Multi Core Processing

From ParaQ Wiki
Revision as of 06:45, 13 October 2008 by Biddisco (talk | contribs) (→‎Multiblock parallelism)
(diff) ← Older revision | Latest revision (diff) | Newer revision → (diff)
Jump to navigationJump to search

This page captures the initial thoughts on multi core processing. Currently, ParaView (basically) only supports MPI-based parallel processing. This type of parallelism concerns the latest generation of multicore processors that are common now.

Motivation

In some sense, the parallelization of ParaView is done. ParaView already supports efficient parallel processing with MPI, which is the "hard" version of distributed memory parallel processing. So far, we have made use of multi core processors by running multiple process on each node to take advantage of the multiple cores as if they had separate memory.
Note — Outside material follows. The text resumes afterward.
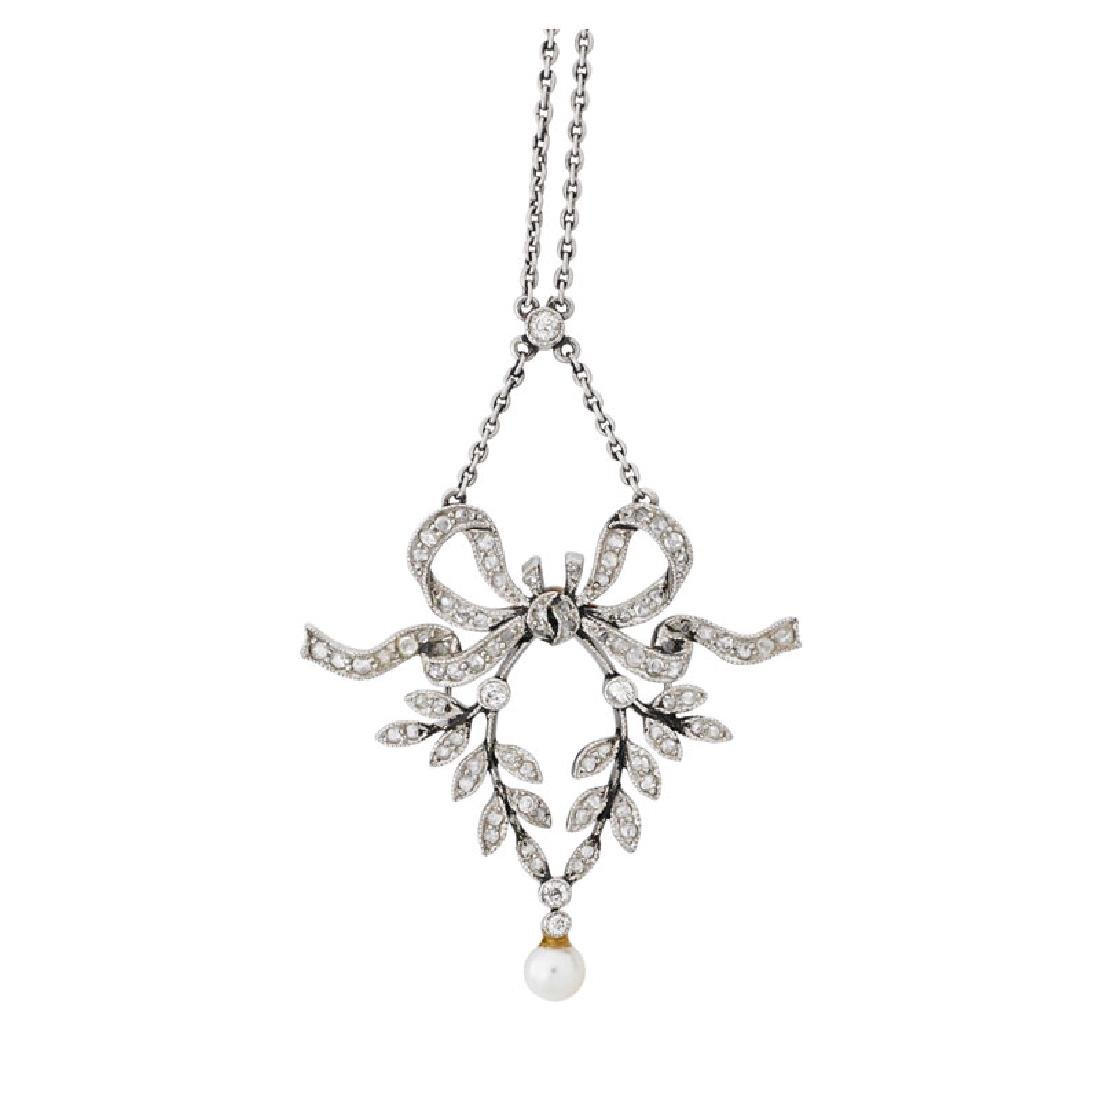 EDWARDIAN DIAMOND & SEED PEARL PENDANT NECKLACE

This works OK, but it is not the most efficient use of these SMP parallel processes. An even bigger problem is that this method only really works when running in client/server mode. A very valid mode of operation that is becoming commonplace is the usage of a high end workshop with a fair number of cores (4-8) to do visualization of moderate size data sets (moderate in comparison to some of the large simulations done at Sandia). Right now, the only way to take advantage of the multiple cores is to launch a server locally, and that is a waste of resources on many levels.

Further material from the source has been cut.